As part of the 2016 National Innovation and Science Agenda, the Government implemented reforms to enhance the concessional treatment of the Early Stage Venture Capital Limited Partnership (ESVCLP) program to target this concession towards ventures at the very early stages of the lifecycle of a developing start-up. Five years on, now is the appropriate time to evaluate the impact of these tax concessions.
Treasury and IISA will undertake stakeholder consultation over the coming months. It is expected that the final report will be delivered to the Treasurer towards the end of 2021.
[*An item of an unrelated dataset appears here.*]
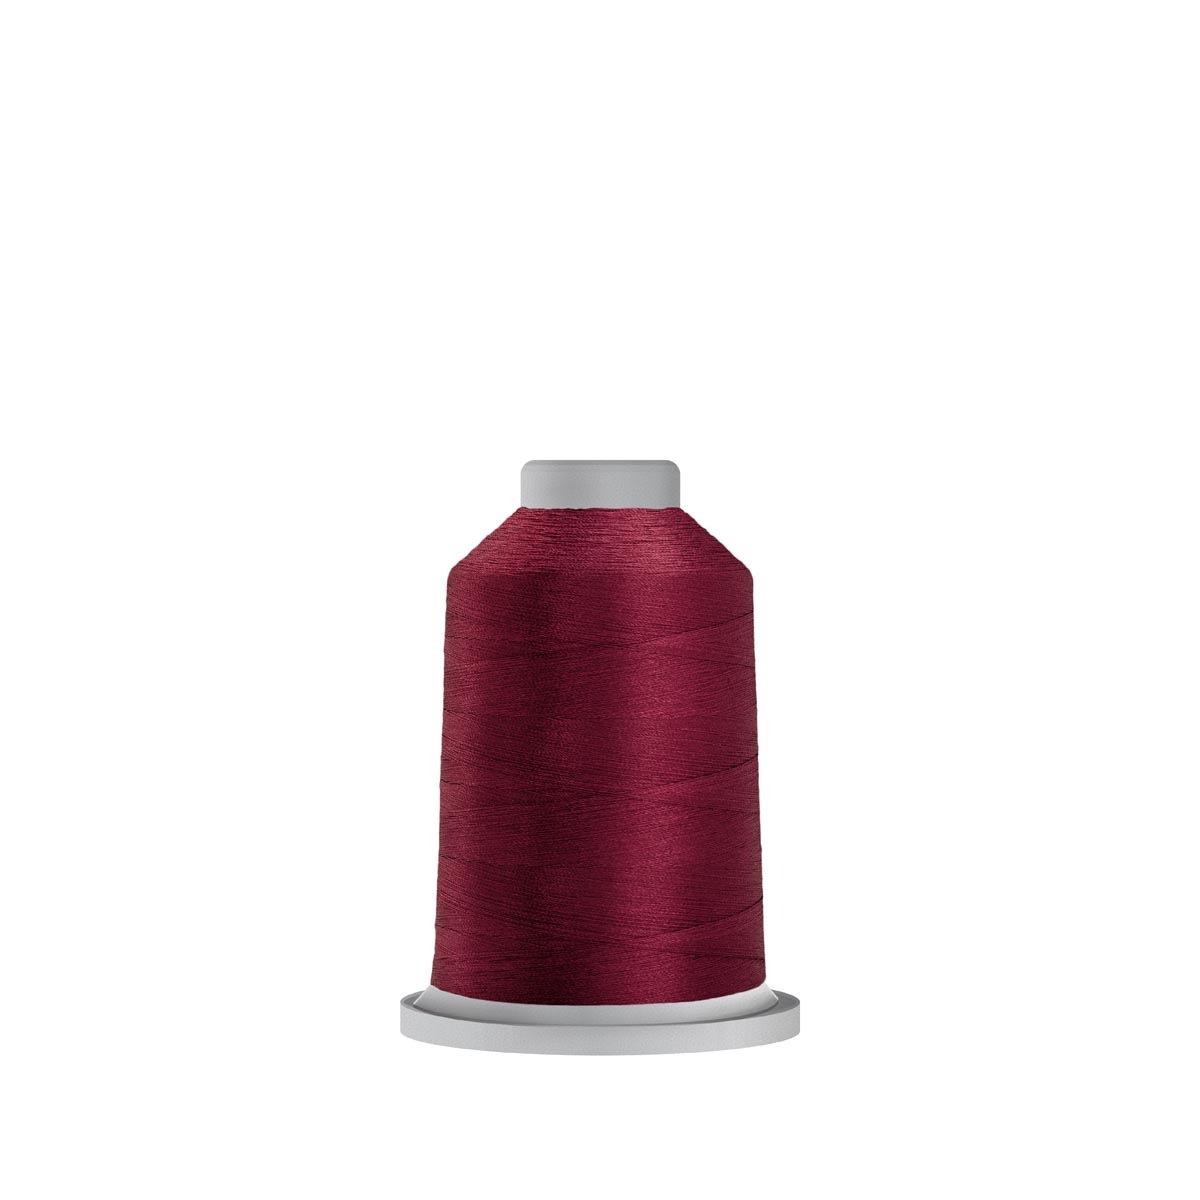 Glide Trilobal Polyester No. 40 Thread - Hokies

Venture Capital Tax Concessions Review
Australia’s venture capital tax concessions are to be reviewed by the Treasury and Industry Innovation and Science Australia for the following purposes:
- To consider how the concessions operate in practice and whether they are achieving their intended objectives
- To satisfy the legislative requirement outlined in Section 118-455 of Income Tax Assessment Act 1997
- To consider the recommendations of other relevant reviews, to which the Government has not yet responded, that examine the venture capital tax concessions
The scope provided in the Terms of Reference includes:
- assessment of impacts arising from the venture capital concessions, ie how the concessions operate in practice and whether they’re achieving their intended objectives;
- consideration of recommendations of other relevant reviews, to which the Government has not yet responded, that examine the venture capital tax concessions;
- identifying what data is available (before deciding nature of impact assessment);
- preparation of a succinct consultation paper providing means for stakeholders to offer views and provide evidence on operation of concessions; and
- Treasury to prepare the impact assessment report for tabling in Parliament.